Abdel remembers that when he heard the speech, he told his Egyptian mates that there would be no peace in Libya from then on. The following morning militias were roaming the streets in Tripoli. He was so scared that he did not dare to step outside his house. It was only after the food had run out that he decided to take a chance and head towards the border with Tunisia with friends in a hired taxi.
"We paid 180 dinars (USD 147) each for the 160 km ride to the Ras Al Hadjir border point," Abdel said. This amount was three times more expensive than what it used to be. But then, Abdel added, things had started to become very expensive in Tripoli, with a bottle of water going for as much as 5 dinars (USD 4), up from a mere quarter dinar.

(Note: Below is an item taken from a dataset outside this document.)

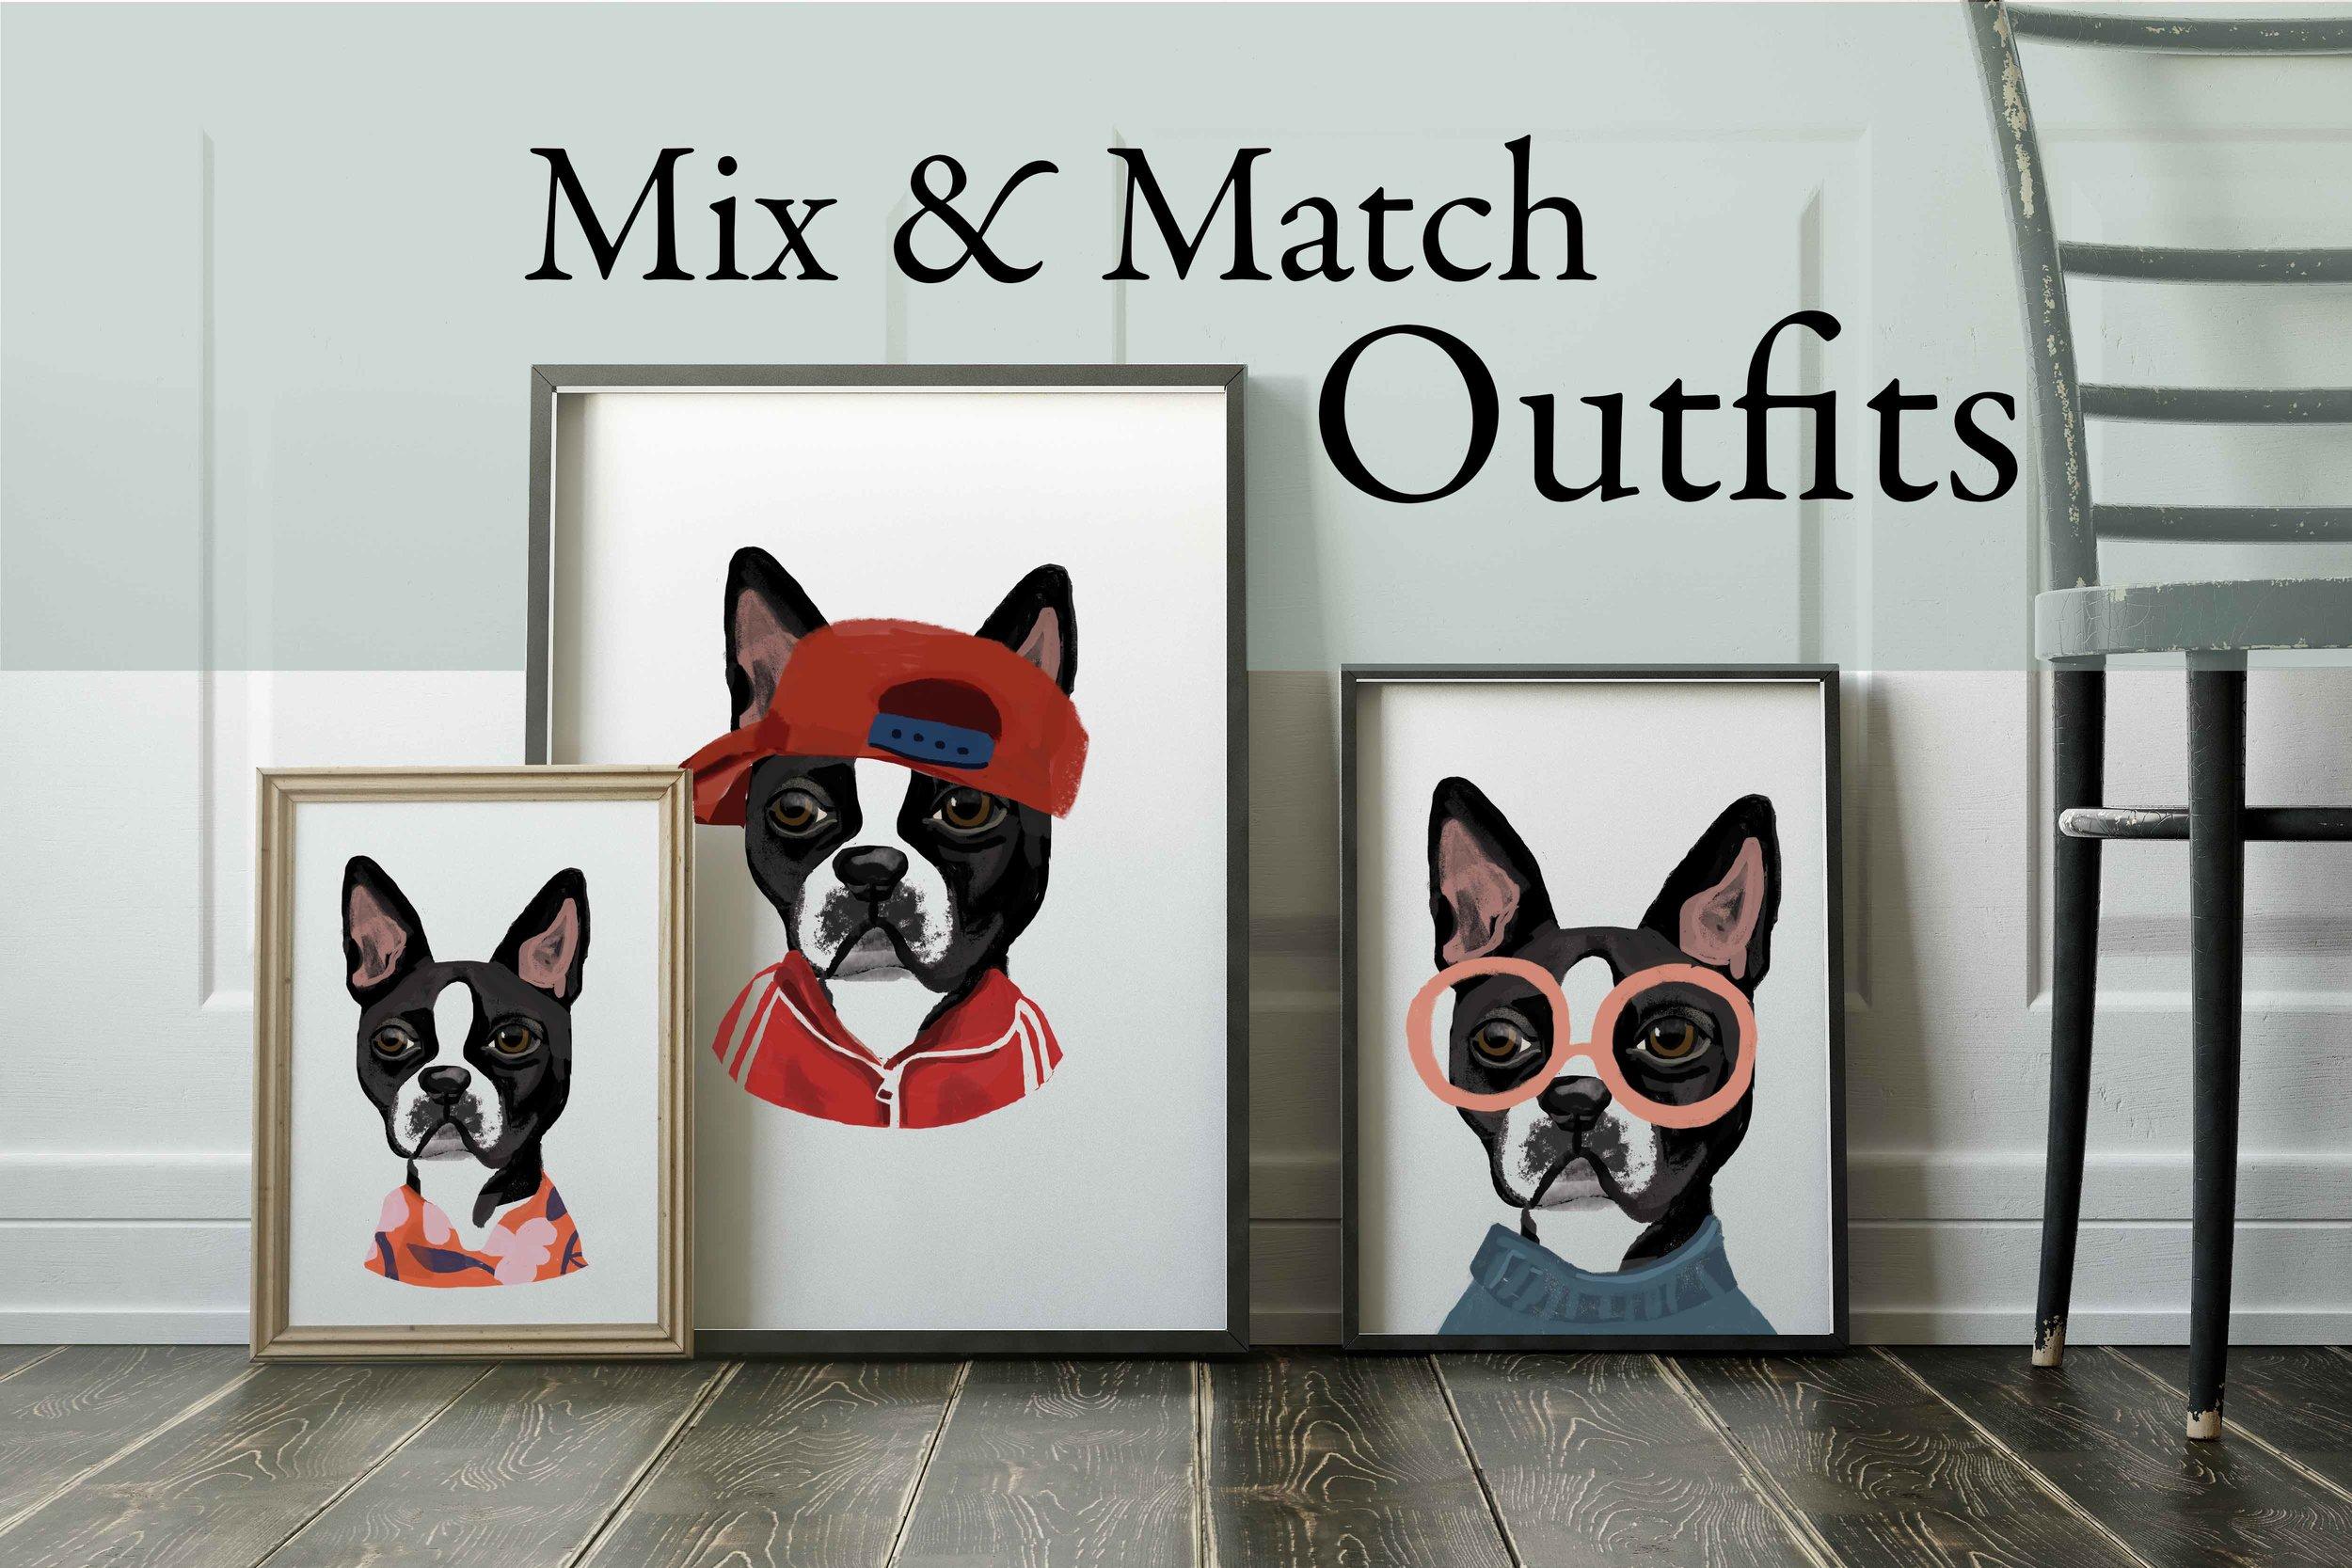 m&m_clothestext.jpg

Abdel said he was not prepared for what he and many other migrants would encounter along the road to the border. He recalled that armed men stopped them as many as ten times, each time stripping them of their belongings. It was during the ride that Abdel lost USD 2,000 which he had saved over years of hard work. In addition, he was eased of his watch, mobile phone and a whole bag full of dresses for his wife. When I found him at the airport, he was clutching a tiny bag that was all he had managed to save. "The militias turned into animals," he said. "When they order you to give them something you do not argue. One of my colleagues who tried to resist ended up with a bullet in his shin."
But on their long journey home, Abdel and other migrants also received lots of help. He recalled that while they were stuck at the border on the Libyan side, many had nothing to eat for two days. As soon as they crossed into Tunisia, people streamed to offer them food, drinks and blankets. Yet, as Abdel prepares to board his flight home, he cannot help but think of what he has had to leave behind.
"I have nothing to show my family after 16 years working in Libya," he said, sobbing. “But I am happy that I escaped the madness that is happening in Tripoli,” he added.
IOM continues to evacuate thousands of migrants stranded in Libya. Charter planes provided to IOM by the British government's Department for International Development (DFID) and the UN High Commissioner for Refugees (UNHCR) will allow the Organization to evacuate up to 8,800 Egyptian migrants from Djerba in Tunisia to the Egyptian capital, Cairo, in the coming days.